**** Data under study

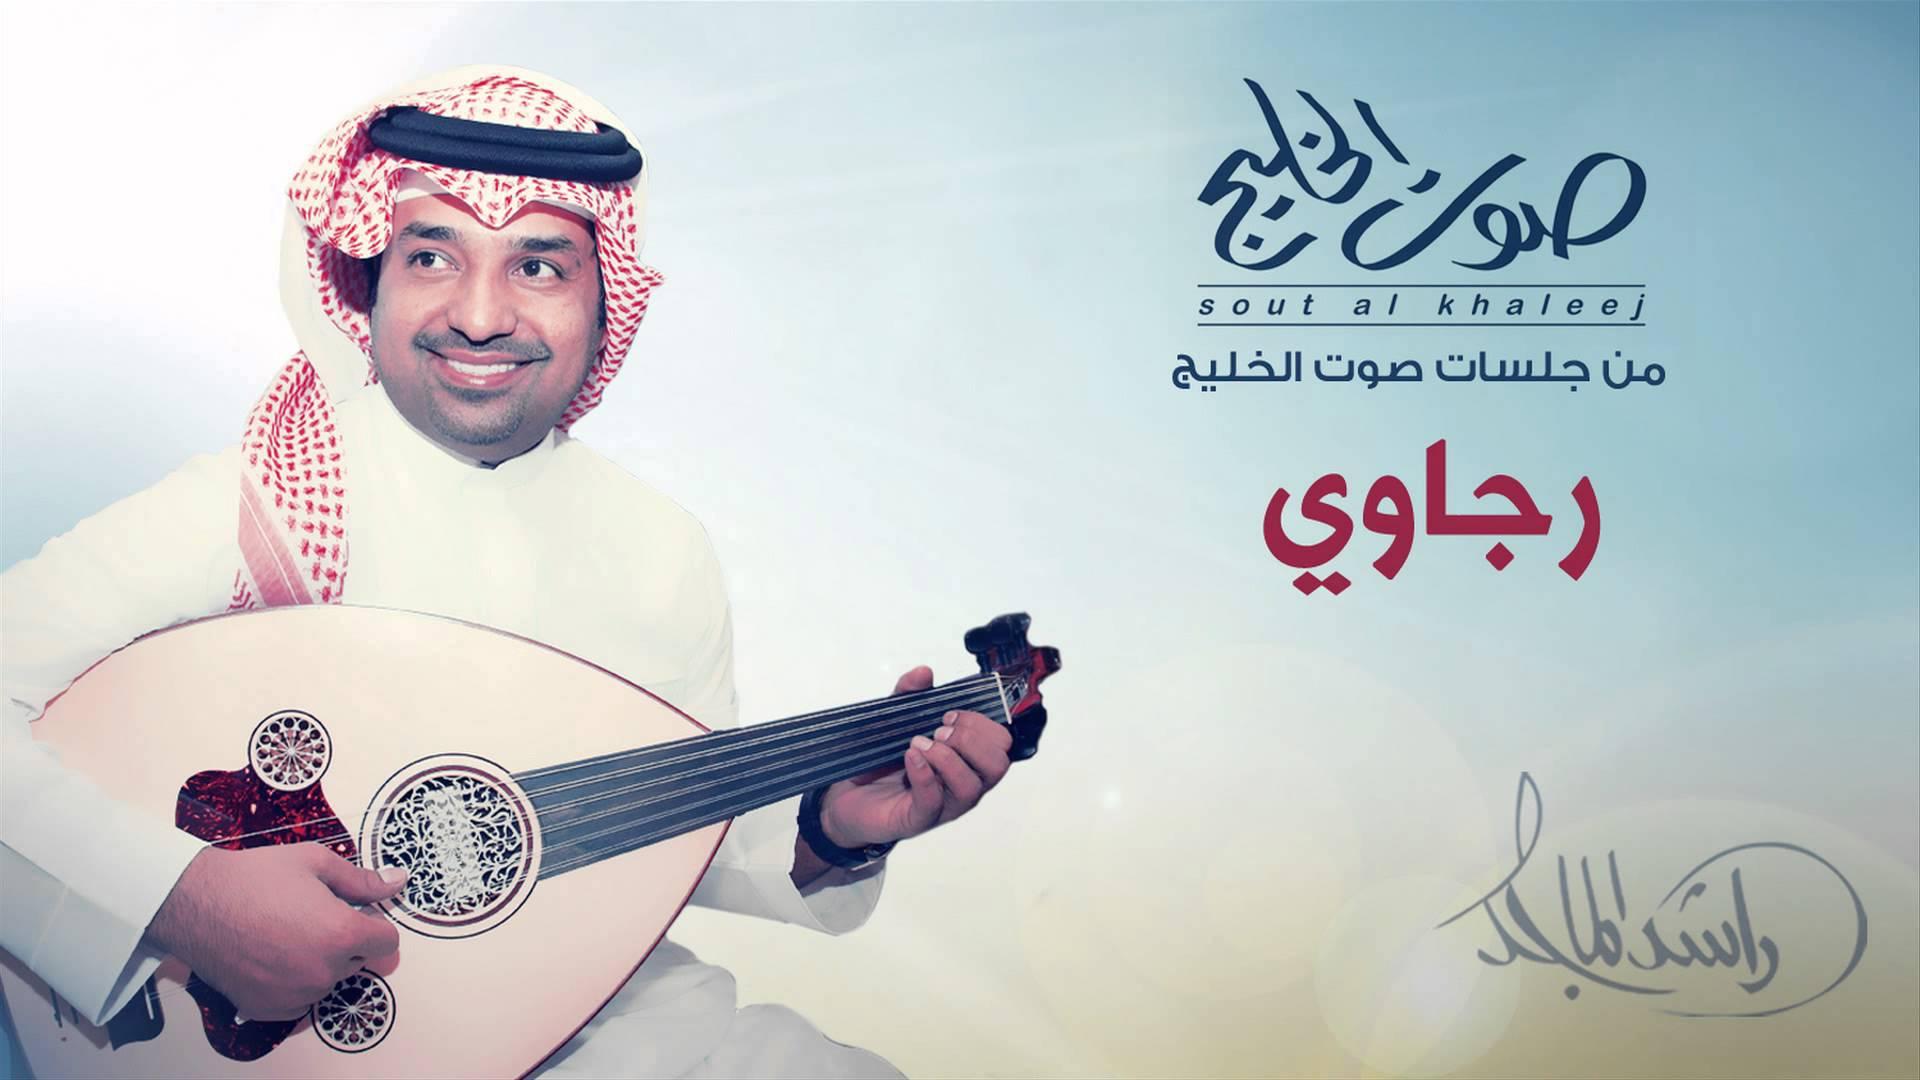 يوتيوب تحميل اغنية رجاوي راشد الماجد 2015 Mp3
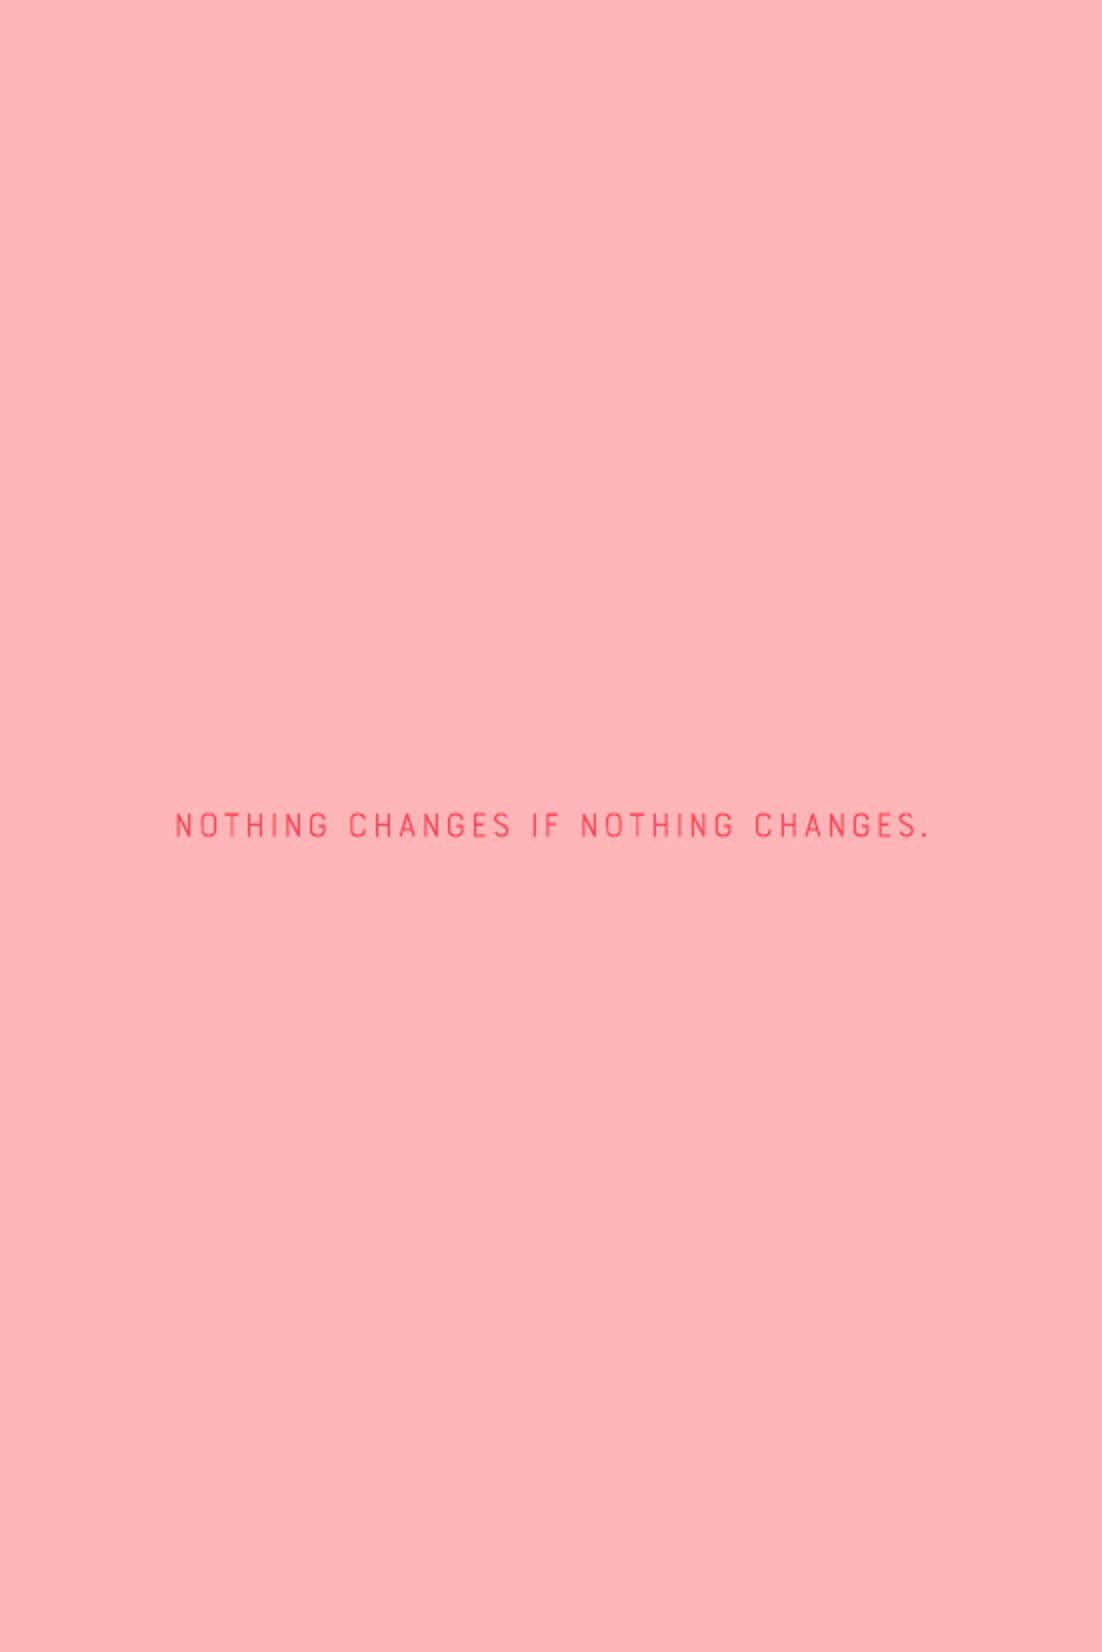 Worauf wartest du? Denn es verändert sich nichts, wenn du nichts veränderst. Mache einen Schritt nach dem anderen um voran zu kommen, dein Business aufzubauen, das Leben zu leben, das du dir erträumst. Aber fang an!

********
**** Data under study

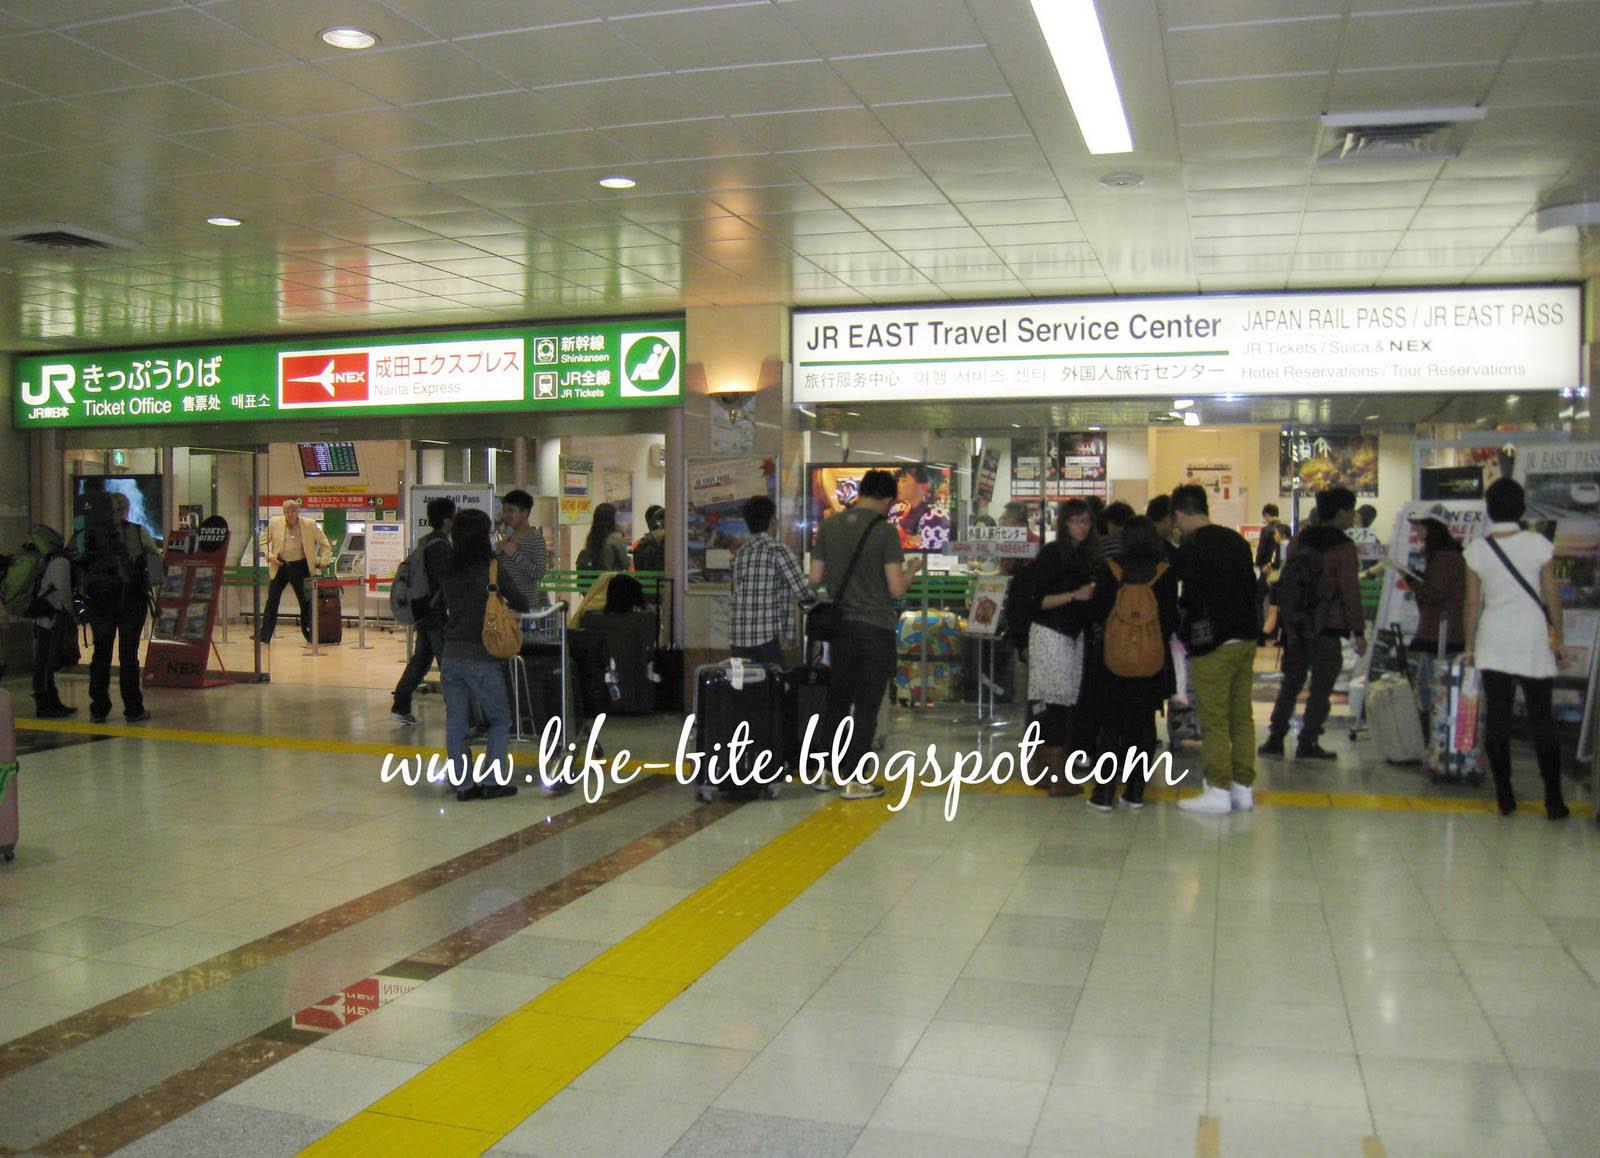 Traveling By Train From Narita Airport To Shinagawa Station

********

[Exercise requirements]:
Out of the records above, set down only the lines from the one that contains "يوتيوب تحميل اغنية" through the one that contains "Worauf wartest du?", unchanged and without the pictures.

[Problem solution]:
 يوتيوب تحميل اغنية رجاوي راشد الماجد 2015 Mp3
 Worauf wartest du? Denn es verändert sich nichts, wenn du nichts veränderst. Mache einen Schritt nach dem anderen um voran zu kommen, dein Business aufzubauen, das Leben zu leben, das du dir erträumst. Aber fang an!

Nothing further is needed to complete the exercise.